Operating system: win10
Slicer version: 4.11.20200930
I follow this one minute tutorial (https://www.youtube.com/watch?v=BcnpzYE8VO8)
and expect the 3d model.
one of the slices gets an interlaced artifact as you can see here:
I don’t understand why the image (10) generates that pattern,
give that it’s not particularly different than the rest.
you can check my 20 pngs dataset here:
I’m just a random guy who got an MRI of my head, I’m sorry if this is too basic. Thank you.
png are stored in RGB color space (3 images one for each color), when you load the png you need to convert to grayscale first. How did you plan to import your png in the first place?
I follow this one minute video, step by step (https://www.youtube.com/watch?v=BcnpzYE8VO8)
I get the 3D model but just one slice in particular gets this weird interlaced repetition pattern that you can see on the screenshot at the red panel (bottom left) and on the 3D model.
I tried with diferent segments of the sequence and it always happen at the same image, and there’s nothing particularly different about it.
All images in the stack must be the same.
image (12).png has only 3 components (RGB) while all the others have 4 components (RGBA). It would have been nicer if ITK (image processing library that Slicer uses for image reading) rejected this data set instead of showing a corrupted image - I’ve filed a bug report for you (see here).
To fix this problem, you need to save all the screenshots with the same settings (either RGB or RGBA works fine).

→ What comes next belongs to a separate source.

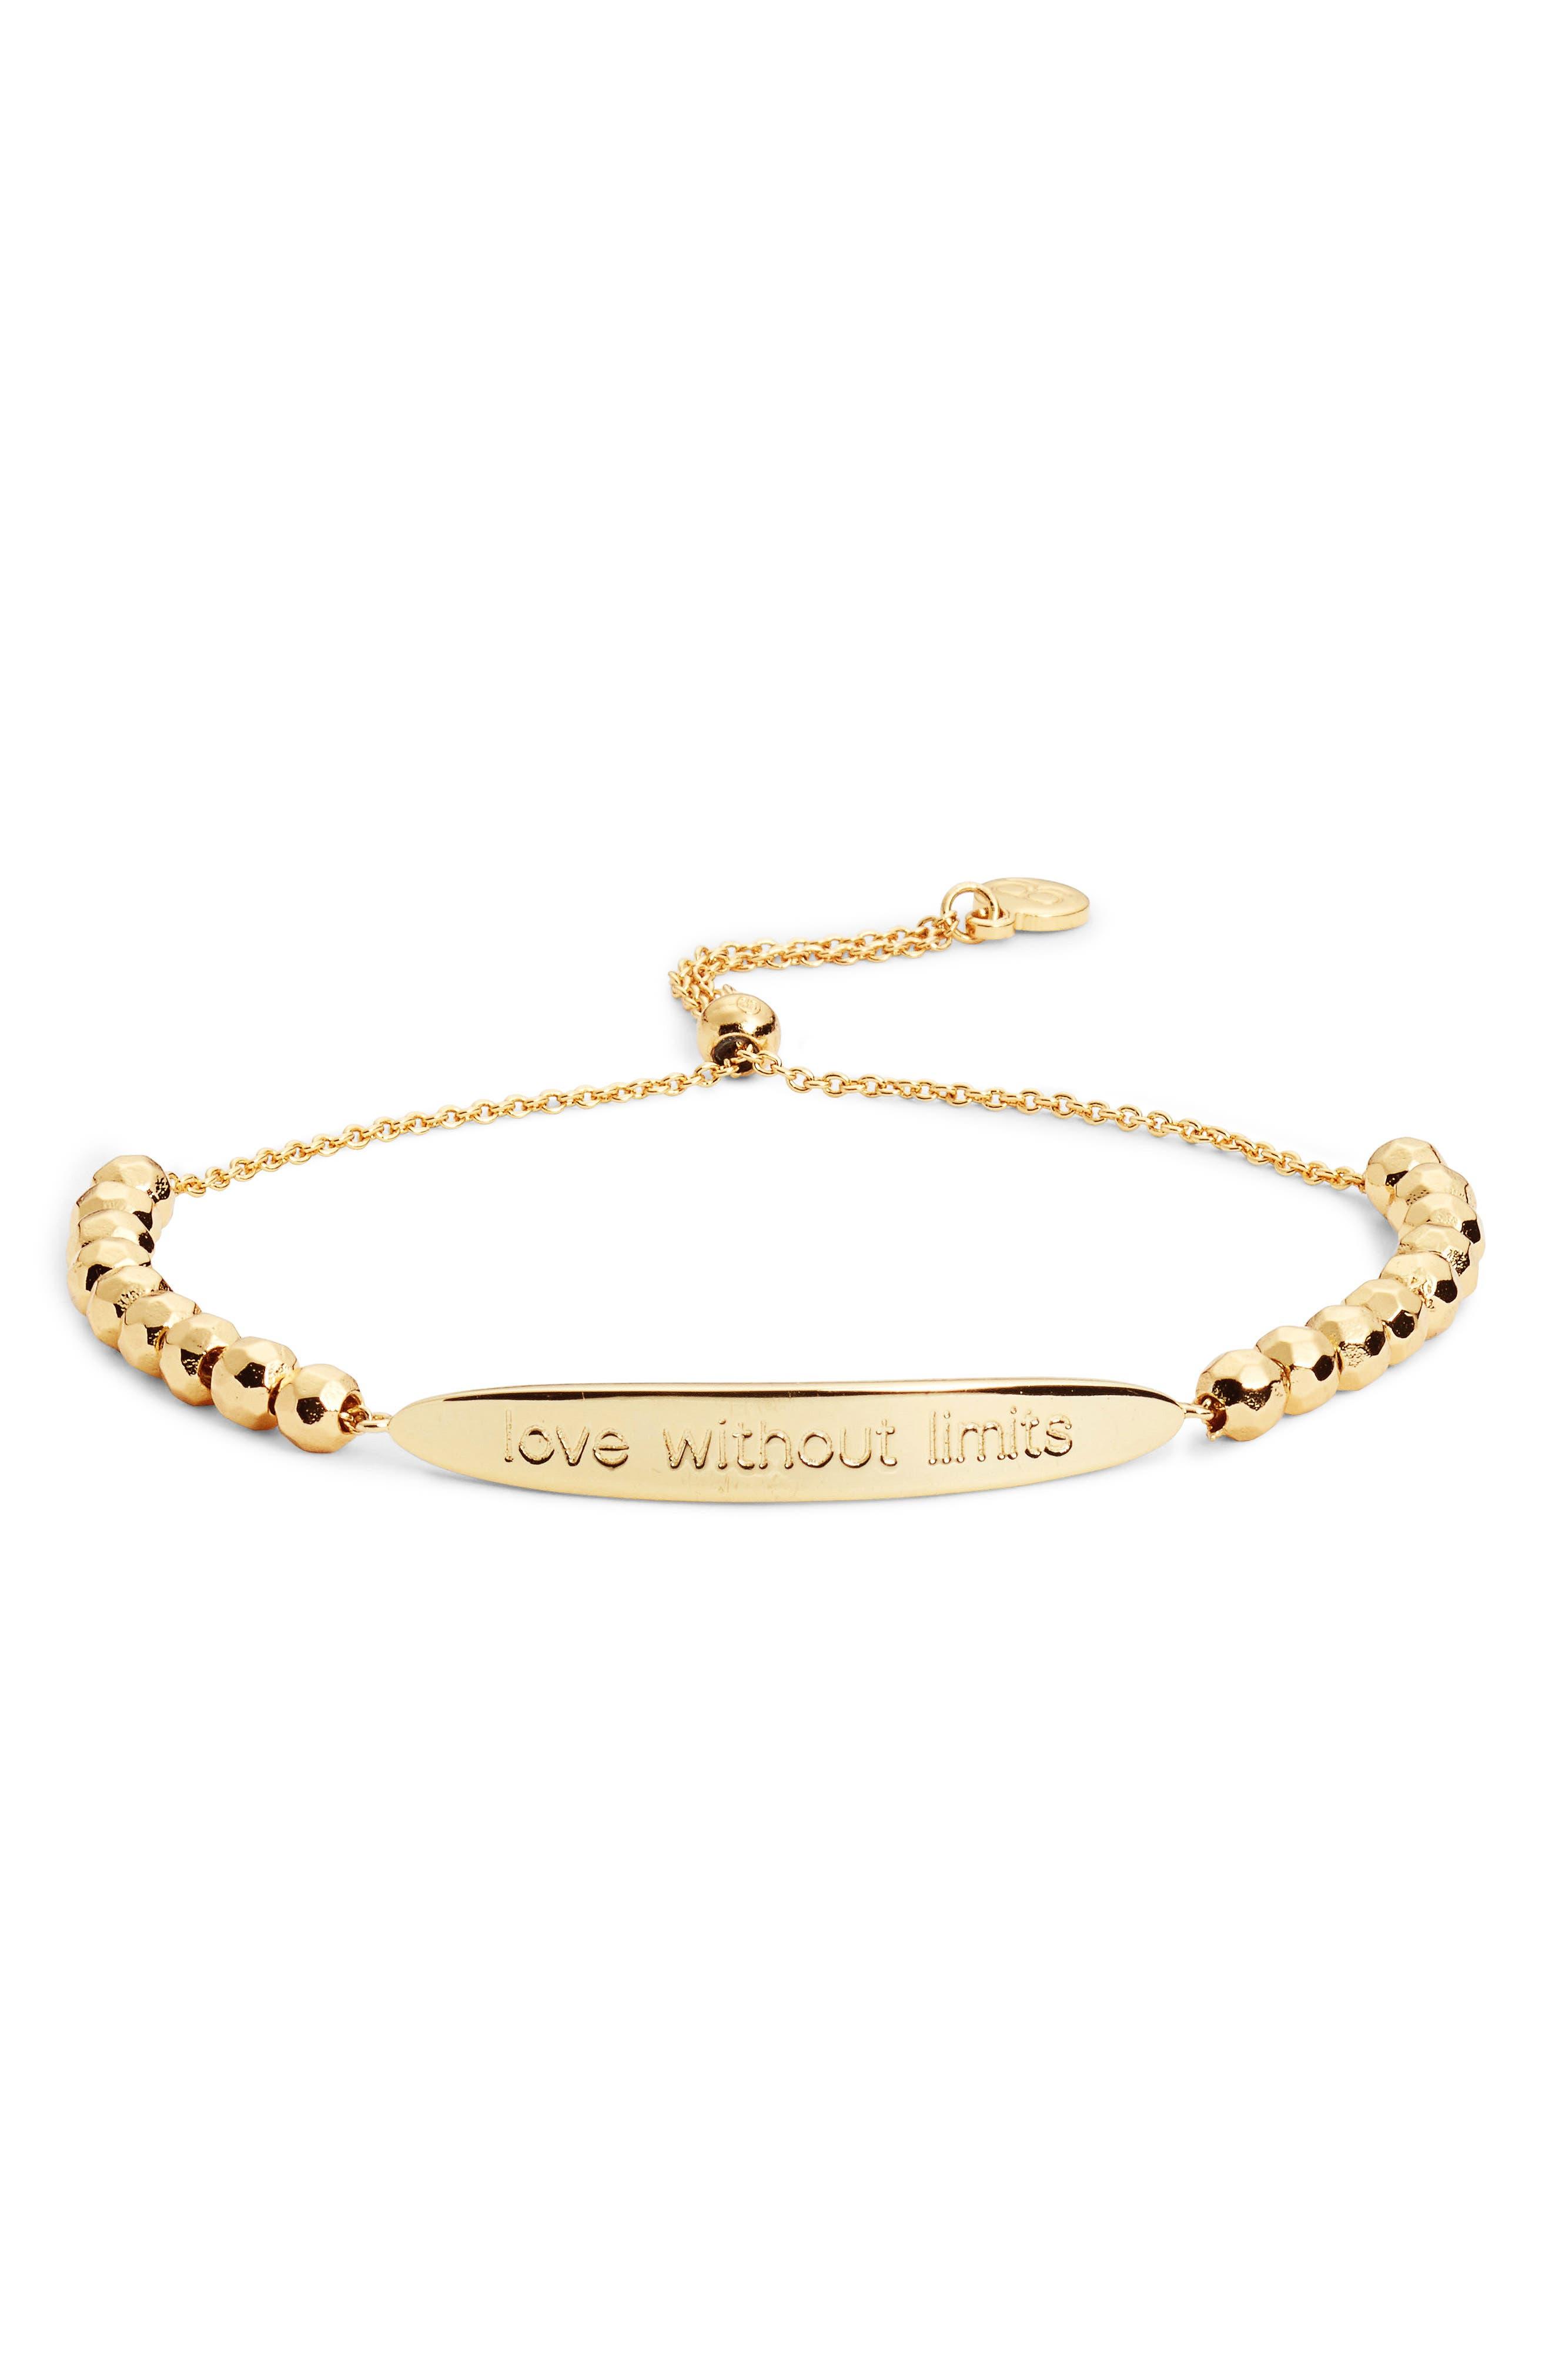 Power Intention Love without Limits Bracelet,                         Main,                         color, Gold

Note that 8-bit screenshots are not suitable for capturing CT data sets, as in the image that you get the noise is either magnitudes higher compared to the original 12-bit image, and/or details in high and/or low intensity regions are lost. You don’t have very accurate information on pixel size either.
Many of the web DICOM viewers do not allow export of the actual data set to “prevent” leaking of patient data without permission, but the study protocol should allow you to obtain properly anonymized data sets that are not compromised in image quality. It is worth going through the process of getting proper images, as any results that you get from such low-quality 8-bit screenshots will not be representative of the results that you could get from the actual clinical images. If you don’t have a study protocol set up for this project then you are probably better off with using data from open image databases.